Table 2 Twenty signatures selected for NB-MuSE-classifier construction
Table 3 Merging individual classifiers into the NB-MuSE classifier

Phase 3. Neuroblastoma Multi-Signature Ensemble classifier training and validation

In the third phase of our analysis we combined the 20 predictions associated with the corresponding signature into a single outcome prediction. For this purpose, we trained a new classifier (NB-MuSE-classifier) on the previously generated dataset containing the 20 prediction applied to the DS2 patients. Similarly to the training and validation step, 22 algorithms were tested to sort out the best performing (Additional file 8). The performance of the NB-MuSE-classifier was validated on the independent dataset DS3. The classification accuracy of the classifiers that were used in the process leading to the selection of the best performing algorithm is detailed in the Additional file 8. The best performance was obtained by the Decision Table algorithm that produced a classifier characterized by an external validation accuracy of 94% (Table 3 and Additional file 8). This accuracy is greater than that shown by the individual algorithms within the context of the current framework and it represents an excellent predictor of neuroblastoma outcome based on gene expression profile. The predictions of the NB-MuSE-classifier relative to that of the individual signatures from which it was derived is shown in the Additional file 8. In conclusion, we combined the predictive power of different signatures to merge survival categories into a single classifier predicting, with high accuracy, the outcome of neuroblastoma patients.
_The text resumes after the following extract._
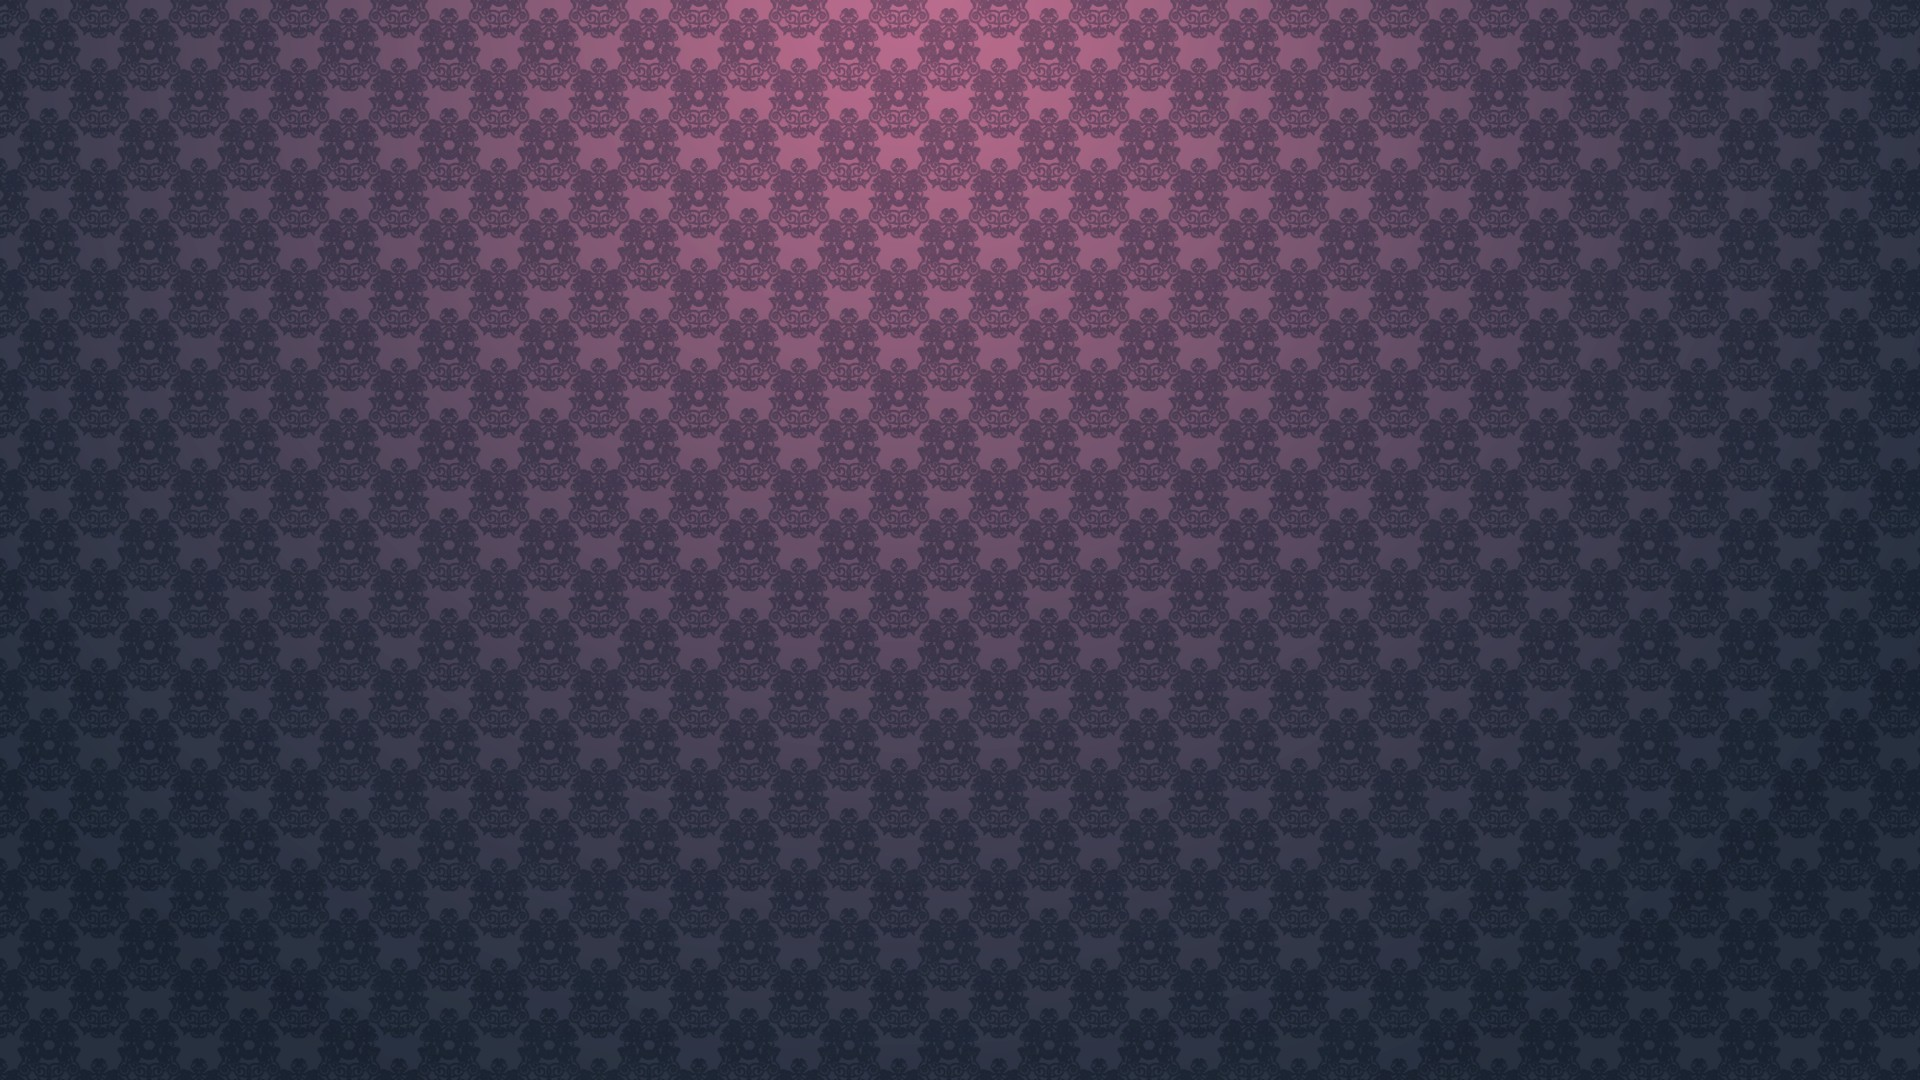 Royal Background 183 ① Download Free Cool High Resolution Backgrounds For Desktop Mobile Laptop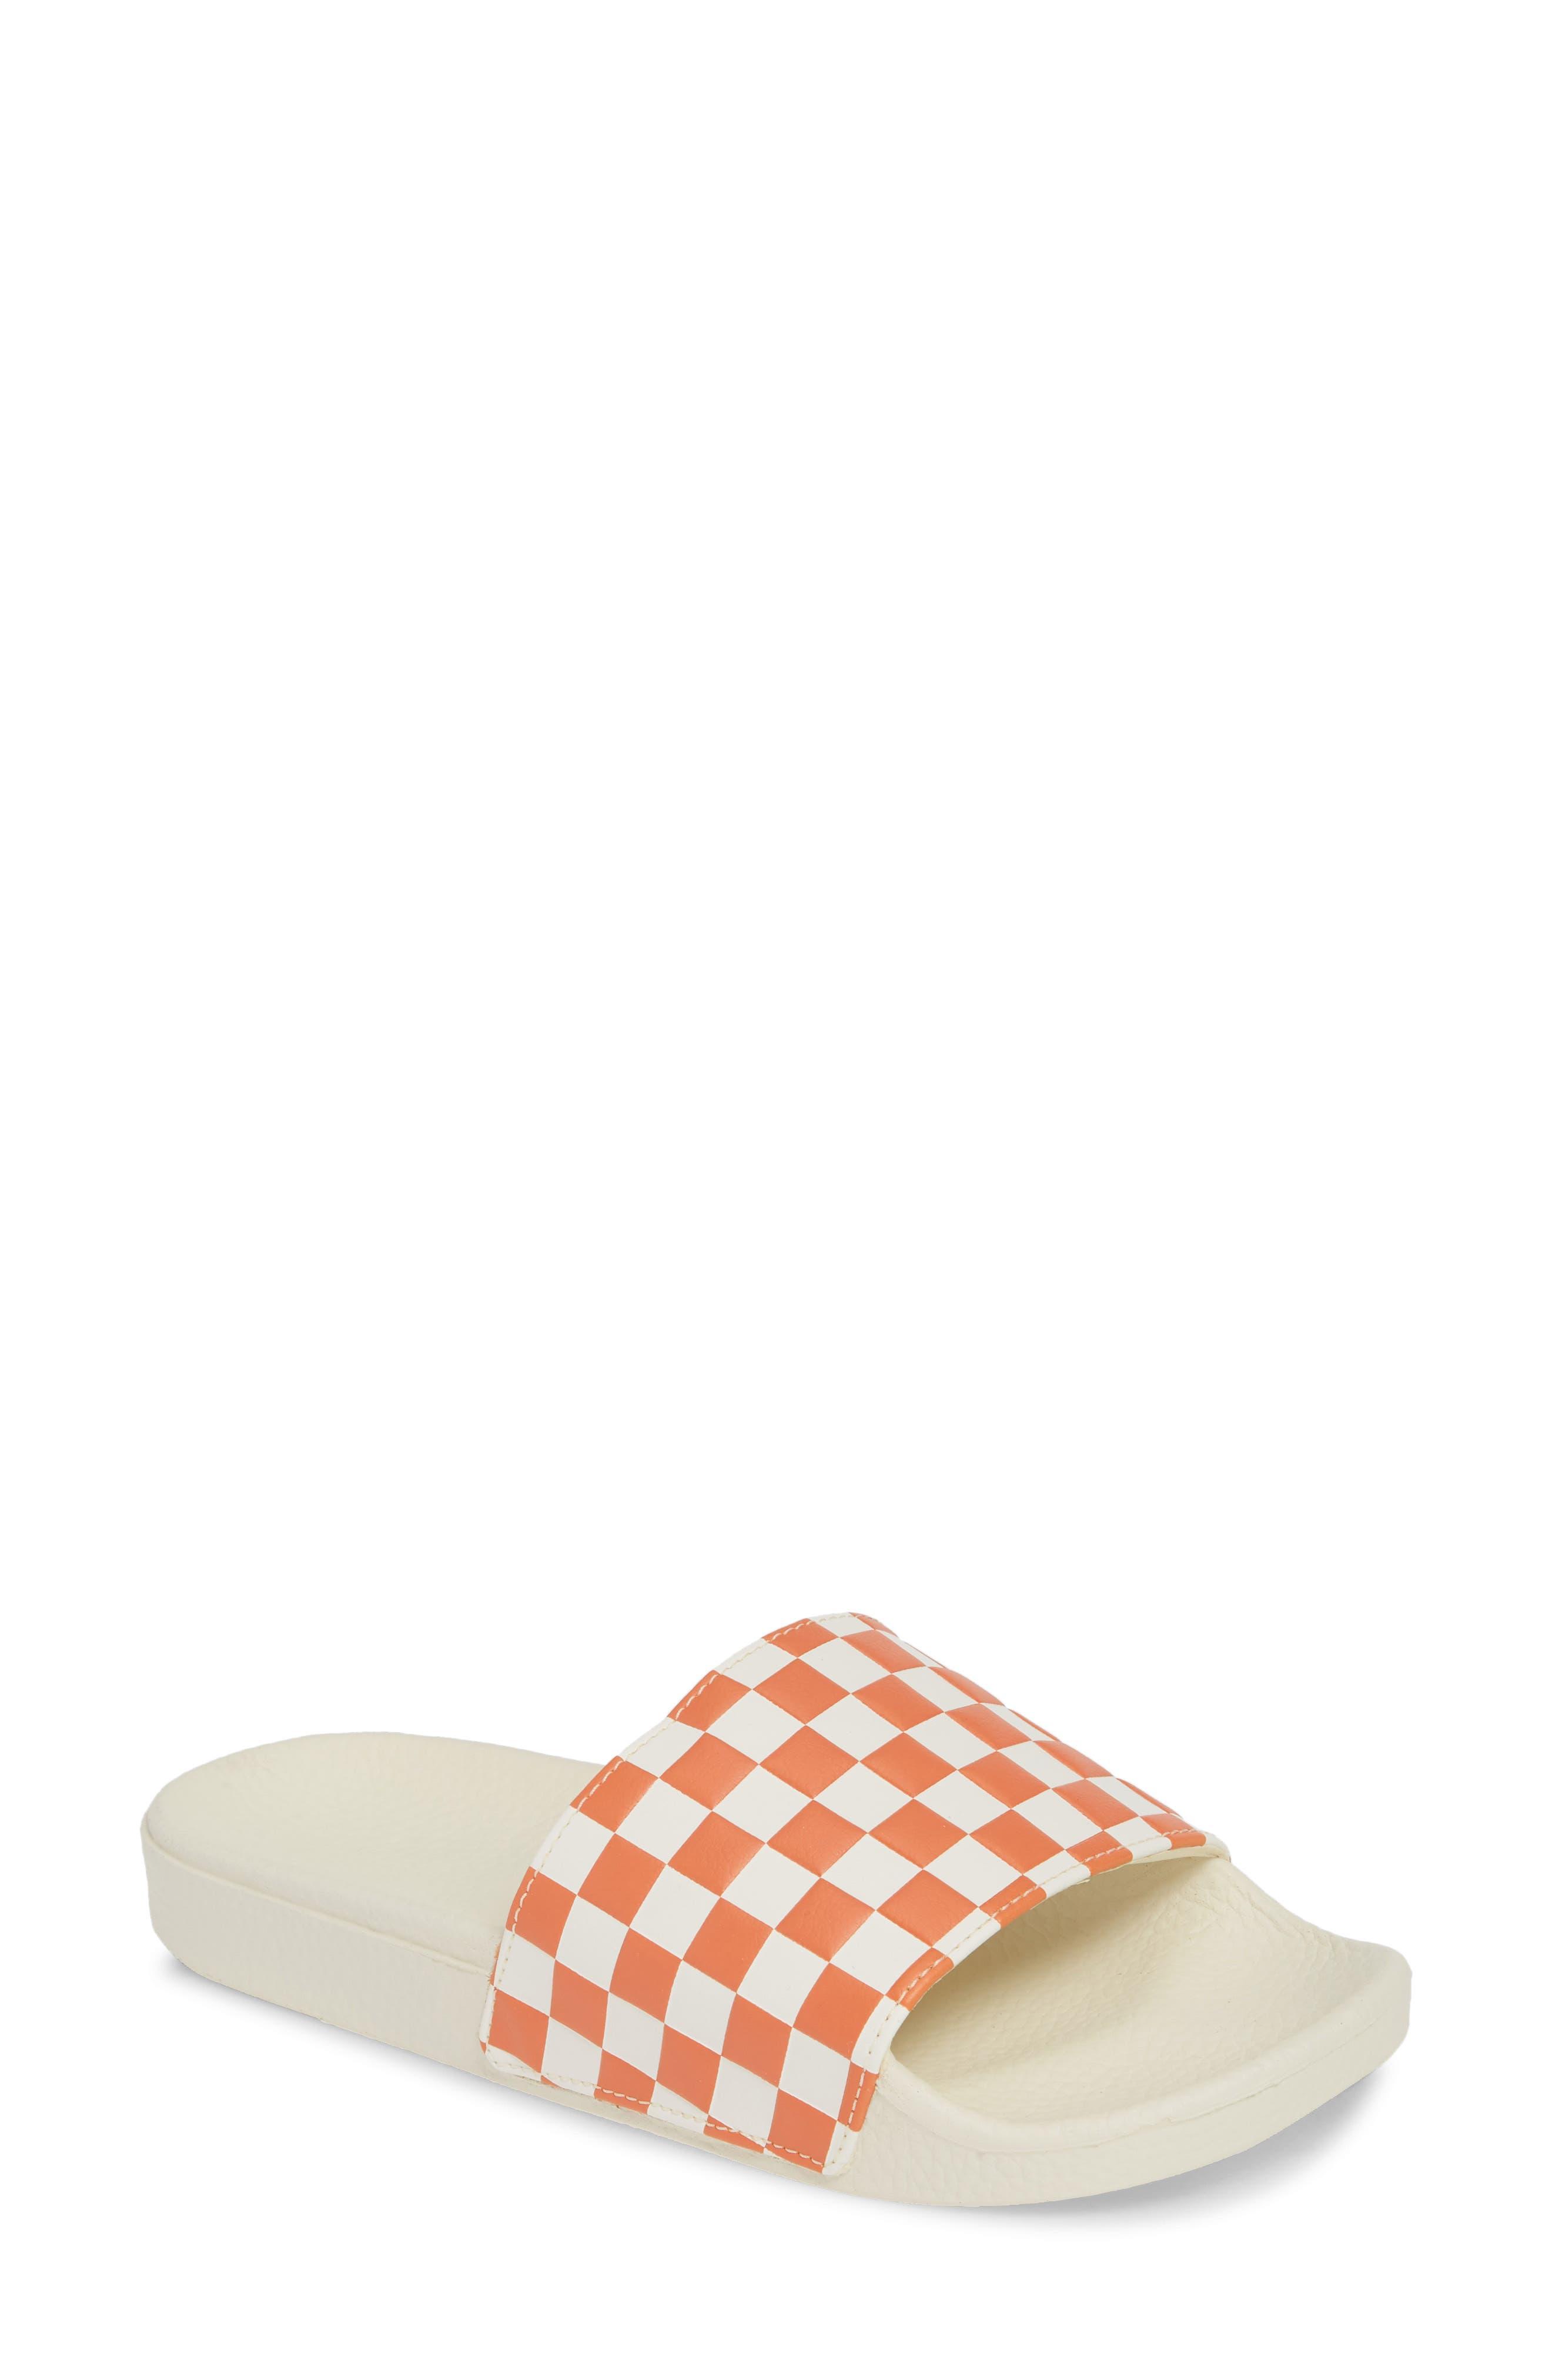 Vans Checkerboard Sport Slide, Red

Evaluation of multi-step classification process

Our method included a filtering step dedicated to the exclusion of signatures characterized by an associated low performing classifier accuracy (< 80%) to remove prediction results characterized by a high classification error and/or to reduce data noise. The second classification step was introduced to identify an optimal labeling method. Similar conclusions could be achieved by evaluating each of the two labels frequencies in the prediction results of the single-signature classifiers. In order to assess the need/validity of these steps, we re-applied our method switching off the filtering step and substituting the second classification step with label frequencies evaluation. As shown in Figure 2, we obtain optimal performance figures by the inclusion of the filtering step and the use of the second classification step. In fact, when both filtering and classification were switched off, the procedure achieves an accuracy of 82%, lower than most e single-signature classifiers (Table 3). When filtering is preserved and classification is turned off, we obtained an accuracy of 88%. Finally, by turning off the filtering alone, we achieve an accuracy of 91% still lower that that obtained by the completed method. These results demonstrate that the filtering on performances of single-signature classifiers helps to limit classification error. Furthermore, the application of supervised classification approaches is required to obtain an optimal interpretation of highly complex biological data.

Figure 2
figure 2

Evaluation of the multistep classifier generation process. The accuracy of NB-Muse classifier was measured when the selection and/or classification steps were omitted from the procedure. The four resulting possible conditions are indicated with letters from A to C as detailed in the figure. The percent accuracy for each condition is shown in the corresponding bar.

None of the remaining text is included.